И все-таки я уехал. Но поехал я не в деревню, а в Иркутск – к маме, за мамой… Как это получилось, я и сам не могу объяснить. Наверно, на меня так подействовала эта история у Пантюхиных. Всю ночь после этого я не спал и думал, и думал, а утром как-то сама собой пришла мысль поехать за мамой. Я был уверен, что стоит ей увидеть меня – и она вернется к нам, бросит Долинского и вернется. Я представлял себе, как я подойду к ней, возьму ее за руку и привезу домой. И как раз к этому времени приедет из командировки батя, и Нюрочка поправится, и мы снова все будем вместе и все будет опять хорошо. Нет, конечно, я понимал, что первое время нам всем, кроме Нюрочки, будет очень трудно жить, но мы ведь люди в конце концов, и мы любим нашу маму.
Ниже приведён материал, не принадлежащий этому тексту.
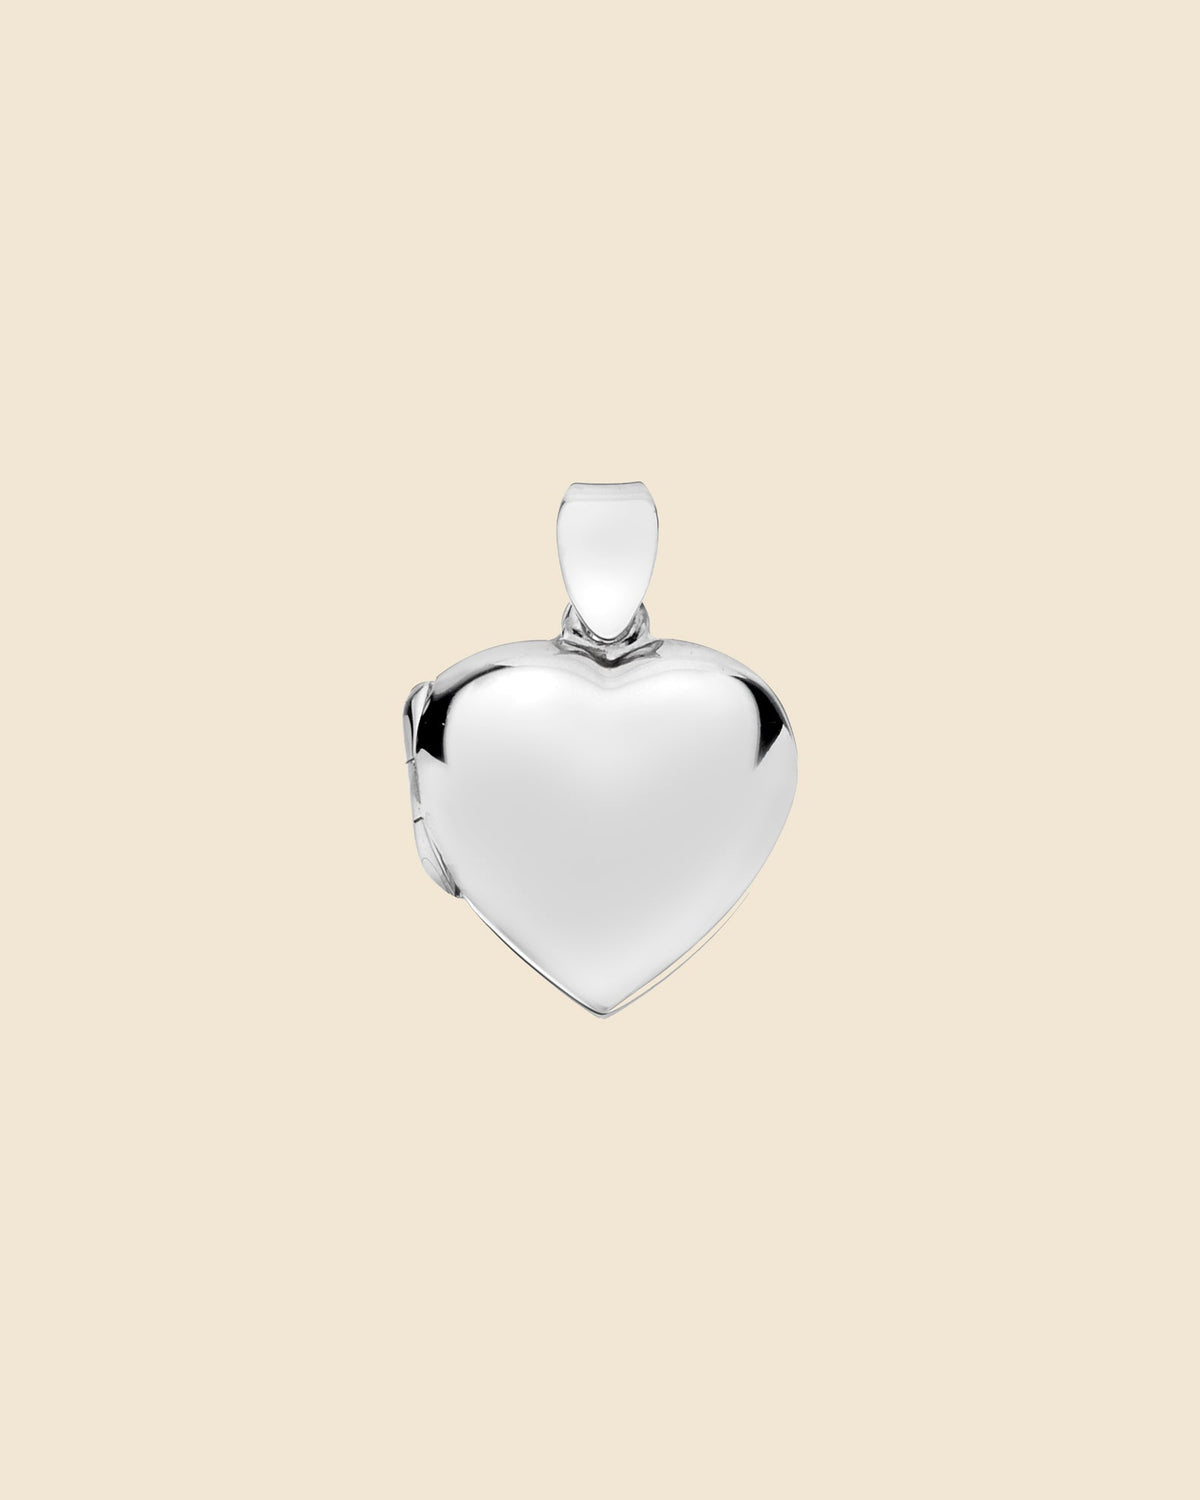 Sterling Silver Plain Heart Locket

А без нее нам никак нельзя. И отцу, и мне, и Нюрочке. Отец палец о палец не ударит, чтобы вернуть маму, – в этом я был уверен. Еще бы, он такой умный и добрый – он все понял и простил, еще бы, он такой благородный, что никому мешать не будет. Тогда я помешаю – я поеду и верну ее к нам. Если они сами не могут поступать правильно, тогда я попробую доказать им, что я тоже кое-что значу. Ведь смог же Юрка решить все правильно? Почему же я не могу? Ведь послушались его все – и Зинаида Ивановна, и Лешка, и даже его отец. Почему же меня не послушаются? Вот примерно как я думал, когда решался ехать в Иркутск. Конечно, я мог бы просто написать письмо маме и рассказать ей все. Но почему-то мне казалось, что письмо – это так – пустые слова, бумага, а тут надо обязательно увидеть маму и чтобы она увидела меня. И еще, правда, об этом я боялся думать, но мне казалось, что если я увижу маму, то все пойму и, может быть, я и не захочу, чтобы она возвращалась. Я гнал эту мысль от себя, но она все же нет-нет да лезла в голову, хотя я и старался изо всех сил представлять себе, как я приеду с мамой домой и нас радостно встретят батя и Нюрочка… Словом, я решил ехать.
И когда я твердо решил это, мне стало даже легче. Я понимал, что не так-то просто будет мне, четырнадцатилетнему парню, добраться до такой дали, как этот далекий Иркутск, но мне всегда все говорили, что не надо бояться трудностей, вот я и попробую, что это значит.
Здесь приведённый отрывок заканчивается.